Tuesday, 6 September 2011

Dr Dawkins regrets he's unable


It seems that Dr Lane Craig, that Hammer of the Humanists, is coming over on a speaking tour of the UK. Our very own British "Bright" Brights are disinclined to engage however.
Clinton R Dawkins won't play.
Likewise A C Grayling.
Polly Toynbee has taken her ball and gone home.
It's all getting rather funny to see the Bright ones affecting languid disinterest as they run for the bunker.

On the 25th October an event has been scheduled at the Sheldonian Theatre in Oxford. Apparently the plan is to leave an empty chair for old Mad Dog Dawkins, in case, like the bad fairy, he turns up  at  the eleventh hour.
If, as seems likely, he doesn't show, Dr Lane Craig will deliver a critique of The God Delusion instead. Either way it will be an interesting event.

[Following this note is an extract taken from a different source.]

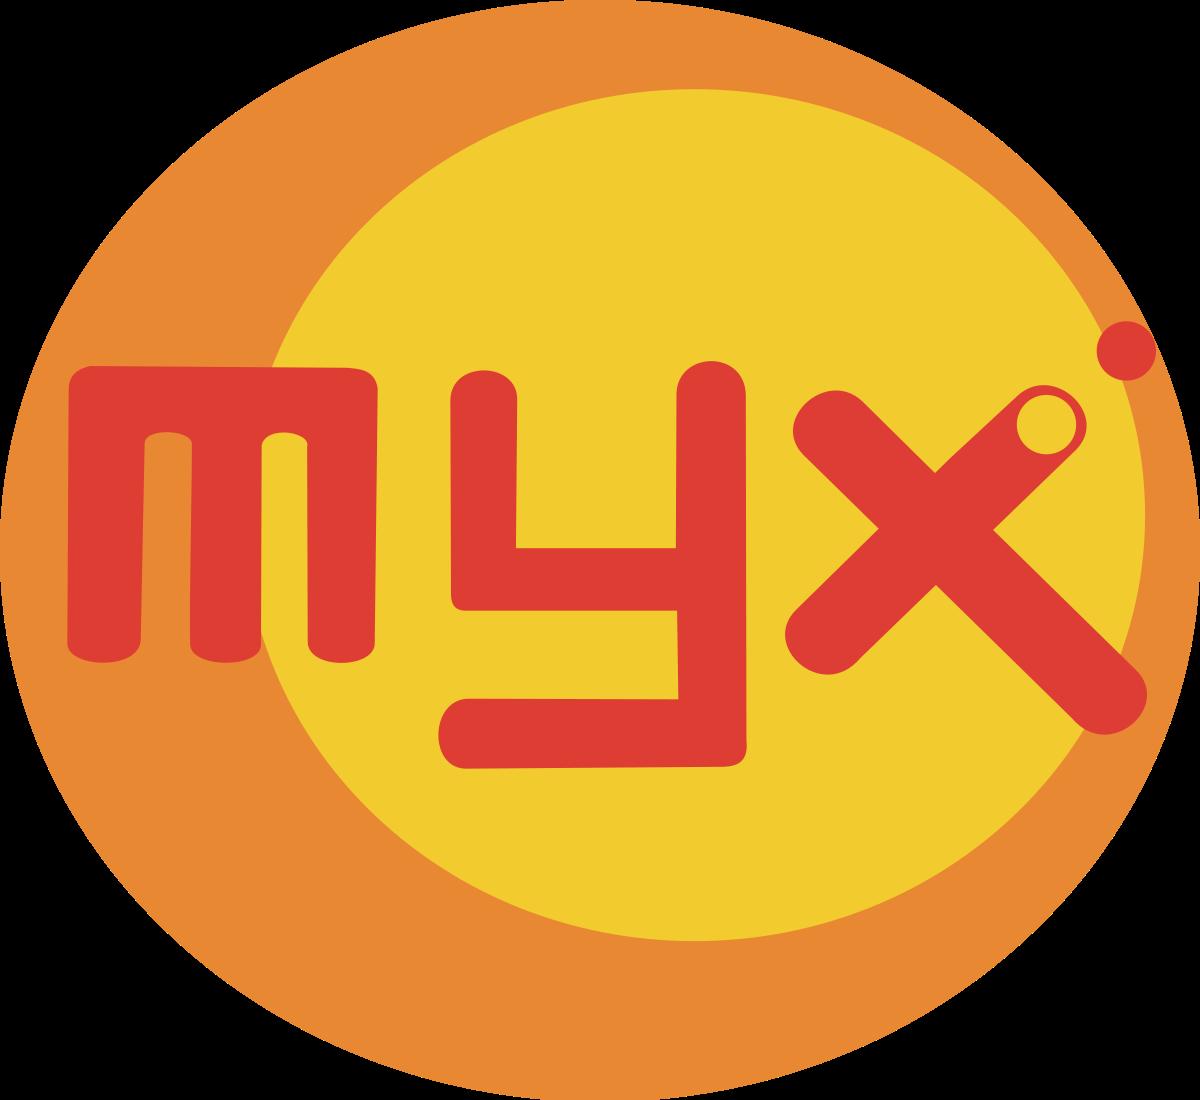 myxlogo.png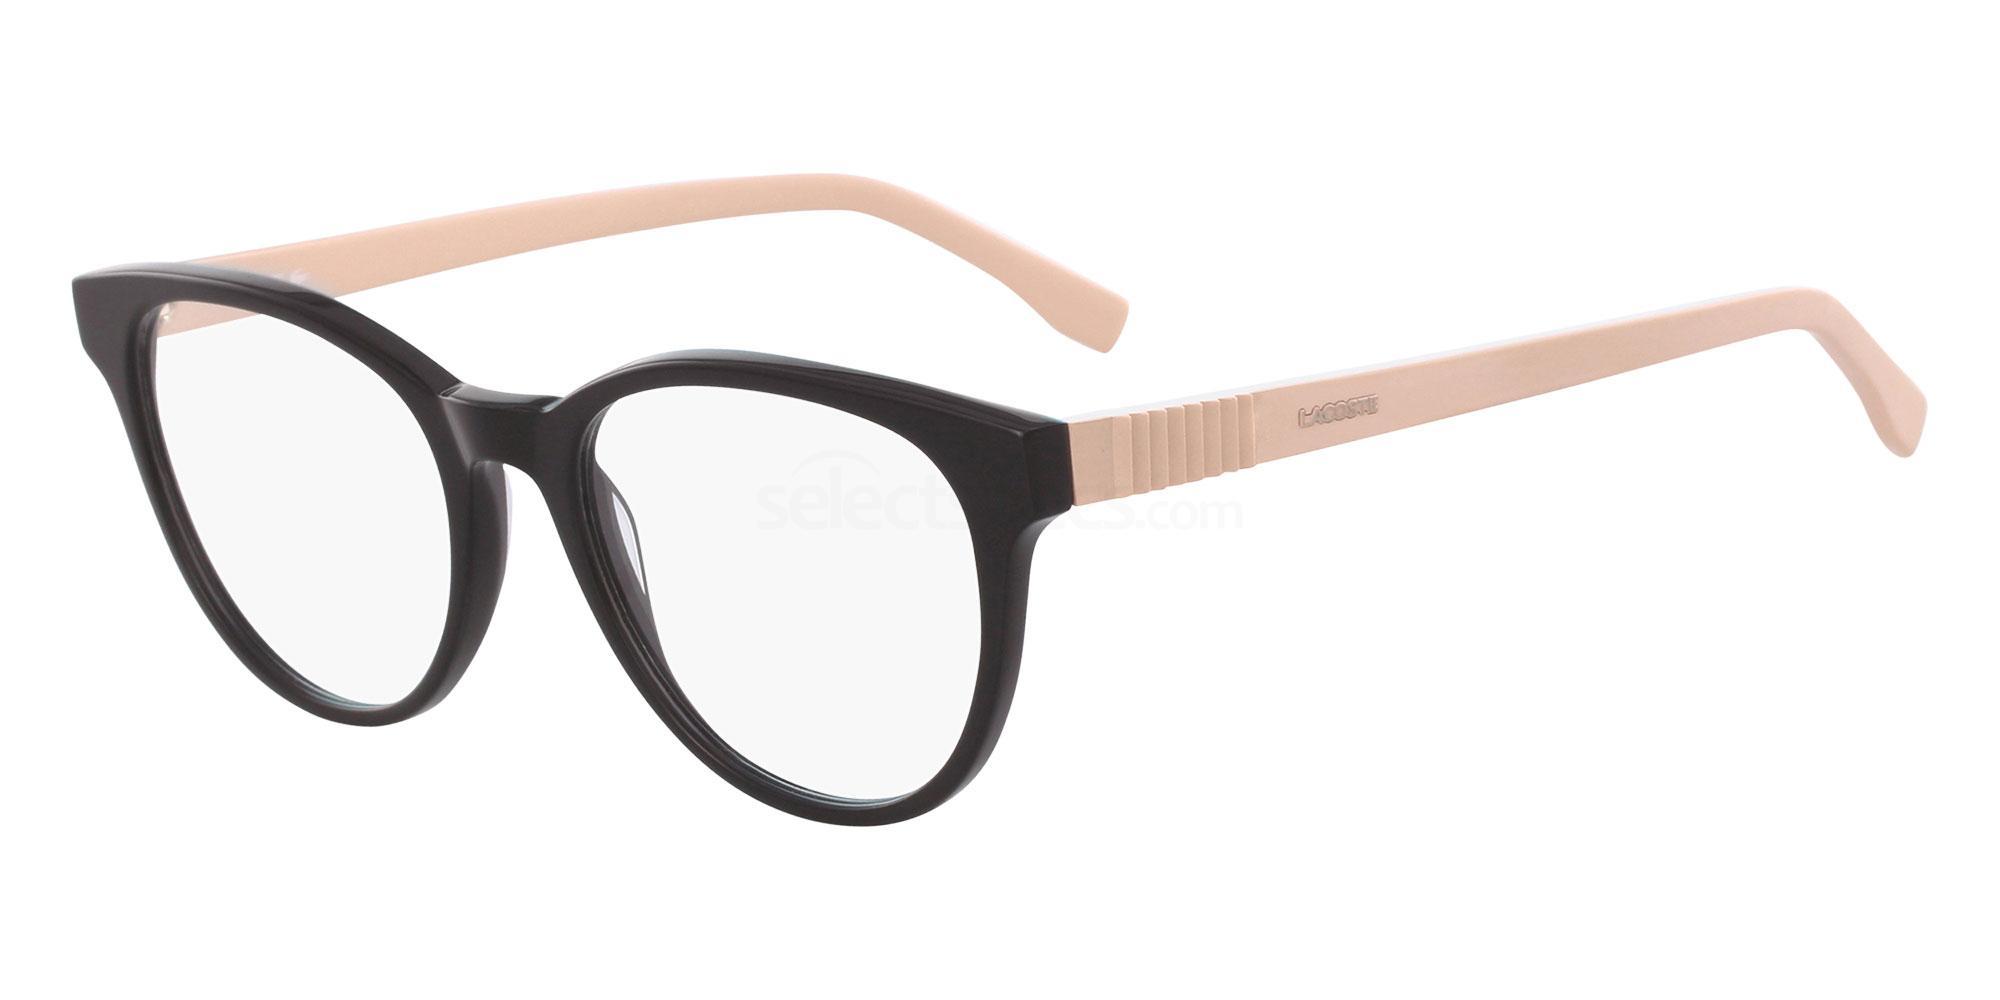 001 L2834 Glasses, Lacoste

Anyway, all the hilarity has led to some creative video's on Youtube;  two of which, out of my largesse, I share with you here, gentle reader.





Before I go, I also want to share a  remark by "Albert" that I read in the comments here:

So why don't more people believe in God? Answer (apart from ignorance): fear of religion. Here's atheist philosopher Thomas Nagel on fear of religion:

I speak from experience, being strongly subject to this fear myself: I want atheism to be true and am made uneasy by the fact that some of the most intelligent and well-informed people I know are religious believers. It isn't just that I don't believe in God and, naturally, hope that I'm right in my belief. It's that I hope there is no God! I don't want there to be a God; I don't want the universe to be like that. My guess is that this cosmic authority problem is not a rare condition and that it is responsible for much of the scientism and reductionism of our time. One of the tendencies it supports is the ludicrous overuse of evolutionary biology to explain everything about human life, including everything about the human mind… This is a somewhat ridiculous situation… [I]t is just as irrational to be influenced in one’s beliefs by the hope that God does not exist as by the hope that God does exist.
The same commenter also linked to this blog post which caught my attention.It is about the cosmological argument, and I have saved it to read propely when I'm less tired ( and I will send it to my Dominic who is doing theology at A level, this stuff is up his alley)
Here is what the blogger, Edward Fesser, says about himself:
I am a writer and philosopher living in Los Angeles. I teach philosophy at Pasadena City College. My primary academic research interests are in the philosophy of mind, moral and political philosophy, and philosophy of religion. I also write on politics, from a conservative point of view; and on religion, from a traditional Roman Catholic perspective.

It might be worth a look if you like that kind of thing.